I am still struggling with adjusting my life and eating habits. I realized all the food I had taken to work today, combined with my breakfast, only totaled 600 calories. It's not realistic! I feel like I have to eat everything in my fridge every day to get the amount of food I should be eating. I'm still losing weight because I'm just not getting enough to eat. It's frustrating. I come home and eat half a block of cheese and a dark chocolate bar because I just need the calories. I can't figure out a way to balance a grocery budget because 90% of what I can eat is fresh food and I'm eating pretty much my whole stock of groceries within just a few days. I know it's not a huge problem....but it's my current problem. and I'm struggling with it.

2.10.13

JCOM, MATH & ENGL

Fall 2010. JCOM 2010- Media Smarts: Making Sense of the Information Age. Grade: B+

My teacher always emphasized that we as journalists were supposed to be completely unbiased in our opinions and research. My teacher was also the most biased person I had ever met. She was a crazy liberal who pushed her agenda all semester long. Sometimes I liked it...sometimes I didn't. Our final assignment was to watch The Daily Show with John Stewart and The Colbert Report to see how their "newscasts" and FOX News' newscasts were similar (basically saying that FOX news was as credible as a satire show.) If that isn't an assignment with a biased agenda I don't know what is!

I took this class when there was all that drama about putting a Mosque in NYC close to where the World Trade Centers use to be. I remember getting in my first political holiday argument with my Grandma during Thanksgiving. It got heated enough that my dad had to break it up and my Grandma said my education was turning me into a crazy liberal.

It made me realize how hard it is to get ALL the facts from both sides of every issue. It's almost impossible. Without all the facts I have a hard time generating an opinion about something. Since this class I have learned to keep my mind open and research something if I really want to be able to talk about it. I hate ignorance and I think people on both sides of the extremes of the political spectrum are ignorant. If you care about a topic enough to discuss it with people, read FOX news and CNN.

Spring 2013. MATH 1010-Interm Algebra. Grade: A

This was the first math class I had taken in over 6 years. All growing up I was actually really good at math. I understood everything and did well in High School. You never would have guessed that 6 years later! I'm pretty sure I googled "how to add/subtract/multiply/divide fractions" every.single.homework assignment. I still don't understand how to do it. But I passed and even got an A! This teacher was awesome and a very gracious grader. I might not be able to tell you how to add fractions...but I still learned a few things!

Spring 2009. ENGL 1010- Intro to Writing. Grade: A.

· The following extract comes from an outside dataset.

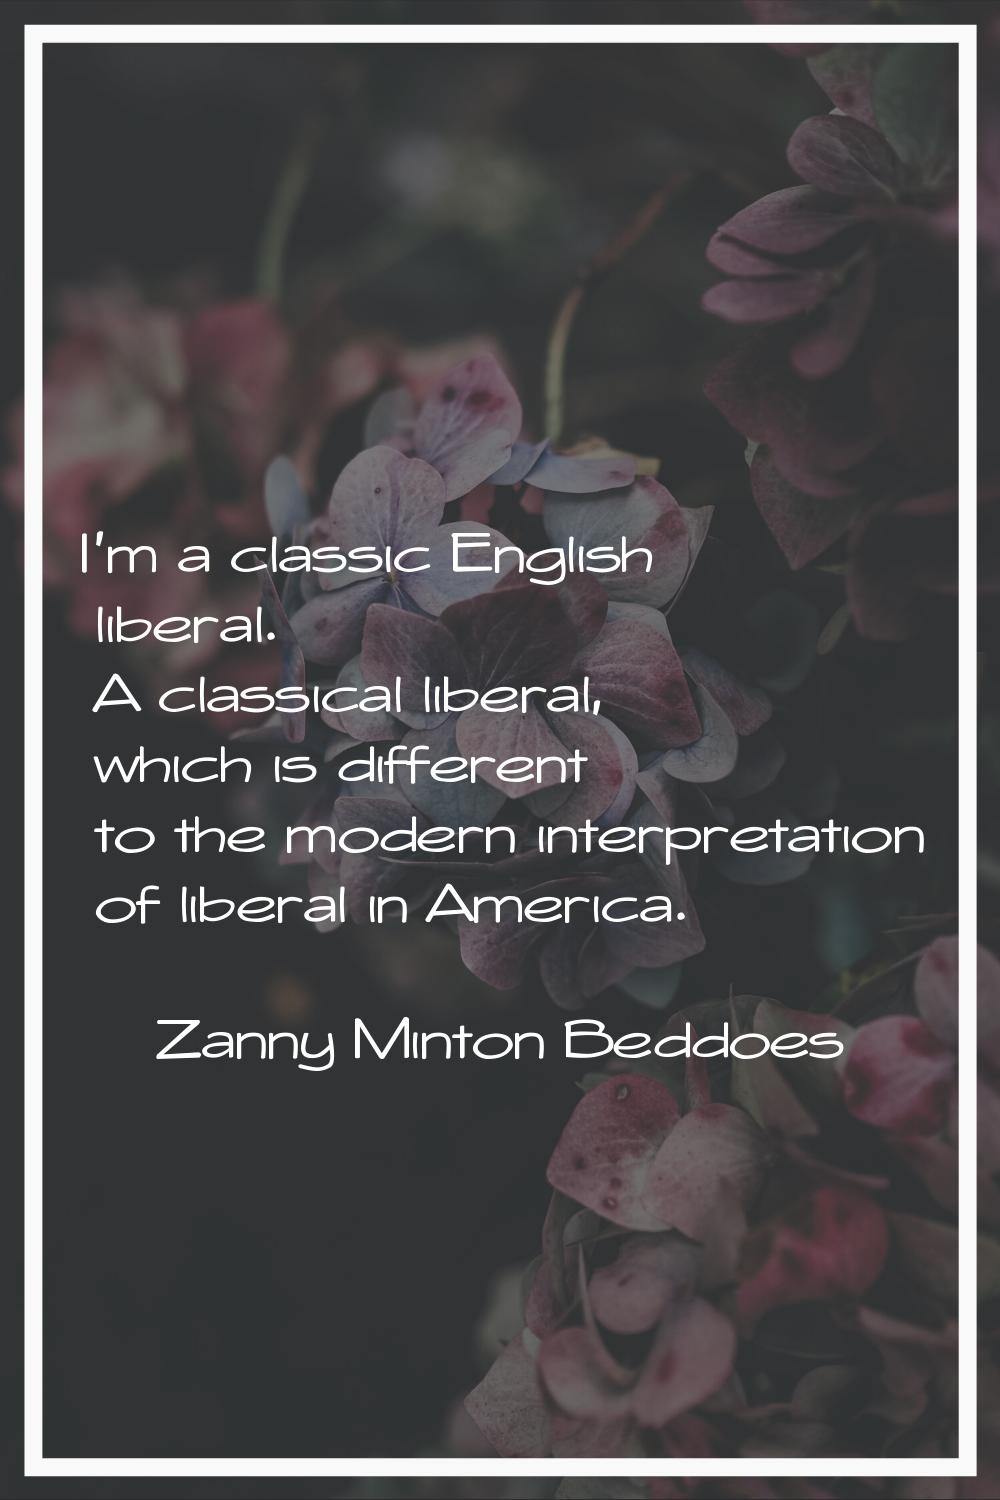 I'm a classic English liberal. A classical liberal, which is different to the modern interpretation

Oh college English classes...you make me realize how great I am at writing when I have to peer-grade other people's work. It's no wonder I would get full credit on papers after I read some of the trash other people wrote. I get that writing isn't for everyone. No worries, you have other talents. I'm just happy I don't have to read Freshman English papers for the rest of my life. I think of Hell and that activity would be included.